Normally, patients with this injury pattern begin active metacarpophalangeal (MP) flexion exercises up to 30-40° using a flexion block on a dynamic splint 1-3 days postop. At this time, passive extension is also initiated by the elastic force of the dynamic splint, and 10 repetitions are completed per hour. Both exercises are continued for 3 weeks with progressing ROM as tolerated [8].
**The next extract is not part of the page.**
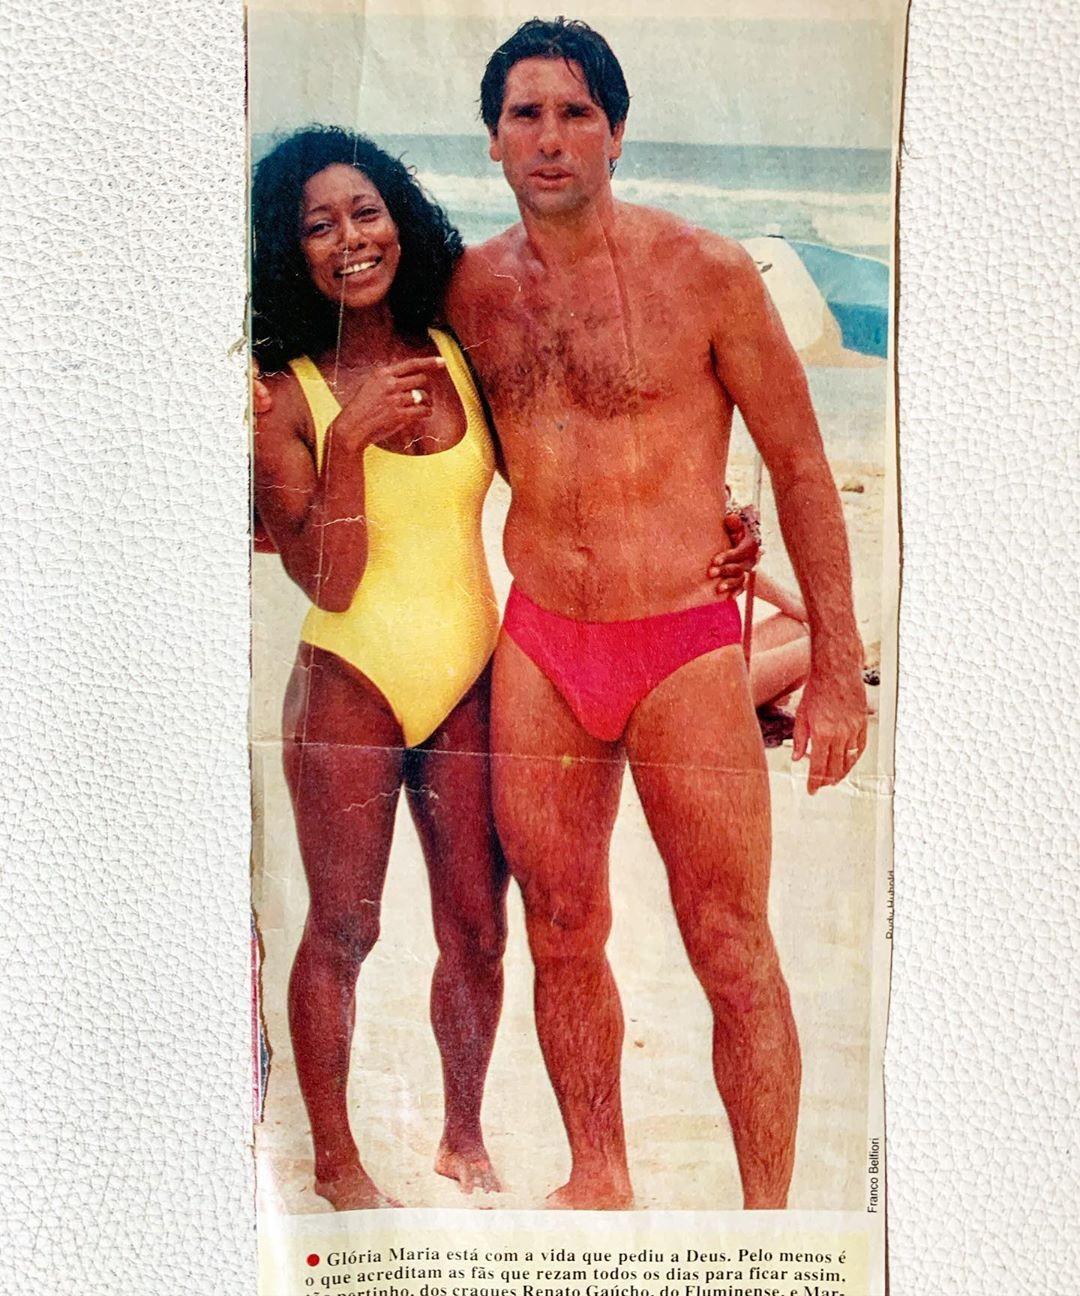 Gloria Maria e Renato Gaúcho (Foto: Reprodução/Instagram)
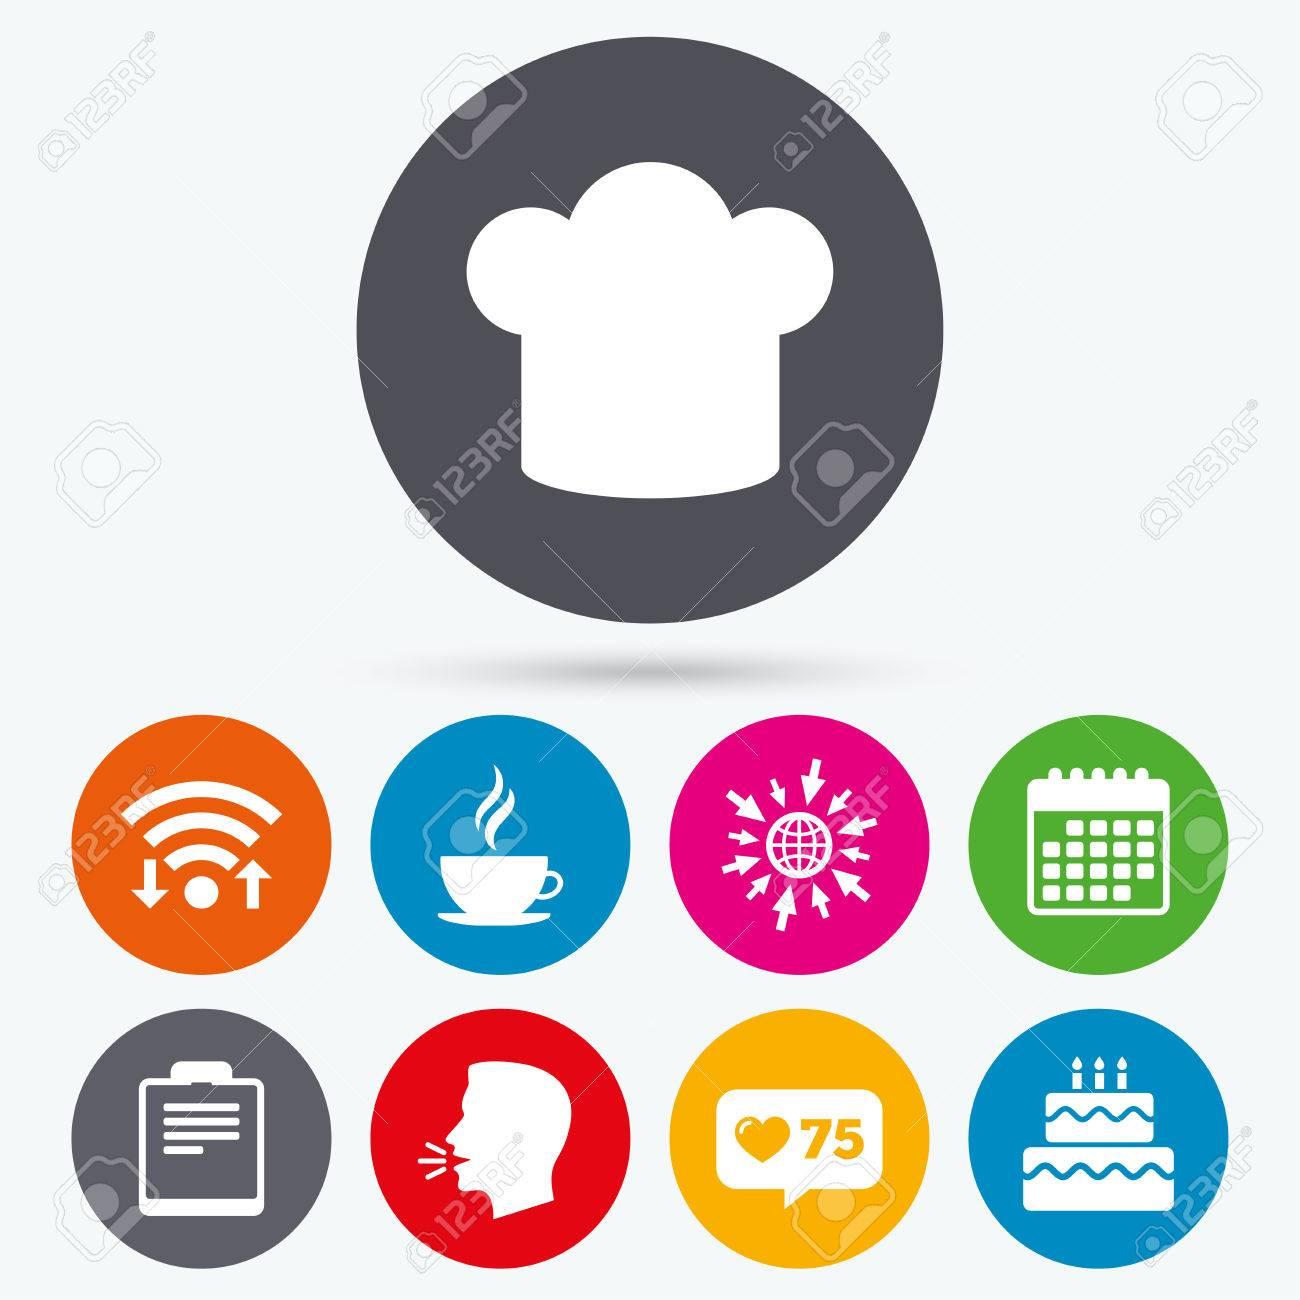 Calendario Icona.Wifi Come Icone Contatore E Calendario Icona Della Tazza Di Caffe Simbolo Cappello Da Cuoco Segni Di Torta Di Compleanno File Di Documento

MP flexion is typically increased to 40-60 degrees by the end of week 4 and 70-80 degrees by week 5. During the 4-6-week period, full fisting is initiated as well as composite wrist and active digital extension without the splint. At 6 weeks, active assisted range of motion (AAROM), stretching, progressive resistance exercises, and reverse putty scraping are initiated. At this time, patients are typically fitted with a dynamic flexion splint [8].

While he remained unable to attend therapy, the patient did make his 6-week follow-up appointment. At this time, he had no extensor lag of the MCP joints, had extensor lag of 30 degrees at the PIP joints of digits 4-5, and was unable to make a composite fist due to stiffness as he had not been able to attend therapy sessions.

The patient was given PO Methylprednisolone to alleviate edema and reeducated in the rehab protocol for extensor tendons. The patient stated that he could not afford therapy or further splinting and was shown how to perform AAROM, stretching, progressive resistance, and putty scraping exercises at home.

At 3 months postop, no extensor lag was noted at the MCP joints and extensor lag of 15 degrees was present at the PIP joints of digits 4-5 (Figures 2(a) and 2(b)). Furthermore, the patient was able to make a loose composite fist (Figures 2(c) and 2(d)).

(a)

(b)

(c)

(d)

4. Discussion

In the United States, an estimated 4.5 million dog bites, 400,000 cat bites, and 250,000 human bites occur each year, with the hand being the most common site for bite injuries [9]. Even though they are less common, human bites are associated with infection rates of 20-25% [10]. Without treatment, pathogens from the human oral flora may proliferate in the open wound and cause infection [10].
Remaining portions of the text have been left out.